◆ To do: Using the entries that follow, count the lines containing the word "Stock" and give that number by itself.

◆ Task data:
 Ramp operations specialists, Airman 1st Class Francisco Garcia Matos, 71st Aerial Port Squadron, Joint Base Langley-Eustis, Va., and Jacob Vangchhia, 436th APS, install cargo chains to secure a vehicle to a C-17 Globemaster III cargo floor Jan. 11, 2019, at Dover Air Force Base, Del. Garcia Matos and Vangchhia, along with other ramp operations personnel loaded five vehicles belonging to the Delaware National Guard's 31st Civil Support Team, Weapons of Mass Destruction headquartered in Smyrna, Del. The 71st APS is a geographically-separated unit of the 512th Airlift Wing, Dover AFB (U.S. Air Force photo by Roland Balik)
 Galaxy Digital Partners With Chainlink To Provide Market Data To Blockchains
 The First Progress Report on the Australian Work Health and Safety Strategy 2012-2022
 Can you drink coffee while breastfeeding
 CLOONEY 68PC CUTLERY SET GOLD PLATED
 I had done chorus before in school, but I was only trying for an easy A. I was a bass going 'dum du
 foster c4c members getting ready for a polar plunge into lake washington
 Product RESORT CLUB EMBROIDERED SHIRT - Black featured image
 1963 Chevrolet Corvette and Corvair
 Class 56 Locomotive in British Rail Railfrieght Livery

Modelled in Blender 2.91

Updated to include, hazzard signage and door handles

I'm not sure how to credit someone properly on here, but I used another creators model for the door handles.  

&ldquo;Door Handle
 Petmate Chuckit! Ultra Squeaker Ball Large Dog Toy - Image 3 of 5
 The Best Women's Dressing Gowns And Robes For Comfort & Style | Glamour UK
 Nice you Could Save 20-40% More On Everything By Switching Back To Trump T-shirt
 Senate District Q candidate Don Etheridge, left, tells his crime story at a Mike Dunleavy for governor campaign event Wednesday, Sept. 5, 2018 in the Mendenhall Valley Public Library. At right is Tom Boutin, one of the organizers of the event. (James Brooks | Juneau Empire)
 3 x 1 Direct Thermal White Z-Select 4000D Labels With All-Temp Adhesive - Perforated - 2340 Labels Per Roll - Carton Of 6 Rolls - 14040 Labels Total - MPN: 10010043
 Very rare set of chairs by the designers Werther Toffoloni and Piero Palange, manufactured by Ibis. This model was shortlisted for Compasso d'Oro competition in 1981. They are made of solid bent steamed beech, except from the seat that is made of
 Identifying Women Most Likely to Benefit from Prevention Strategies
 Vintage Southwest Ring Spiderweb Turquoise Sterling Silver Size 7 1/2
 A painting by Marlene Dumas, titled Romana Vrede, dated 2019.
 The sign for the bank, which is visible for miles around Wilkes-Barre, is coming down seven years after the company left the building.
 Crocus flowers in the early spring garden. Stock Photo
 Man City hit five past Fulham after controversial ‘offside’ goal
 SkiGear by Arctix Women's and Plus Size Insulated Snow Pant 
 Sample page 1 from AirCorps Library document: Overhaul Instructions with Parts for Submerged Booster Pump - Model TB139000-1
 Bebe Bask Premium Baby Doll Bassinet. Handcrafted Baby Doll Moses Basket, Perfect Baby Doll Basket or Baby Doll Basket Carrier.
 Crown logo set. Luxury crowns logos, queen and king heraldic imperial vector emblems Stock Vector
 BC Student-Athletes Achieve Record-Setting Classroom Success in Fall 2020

◆ Answer box: 2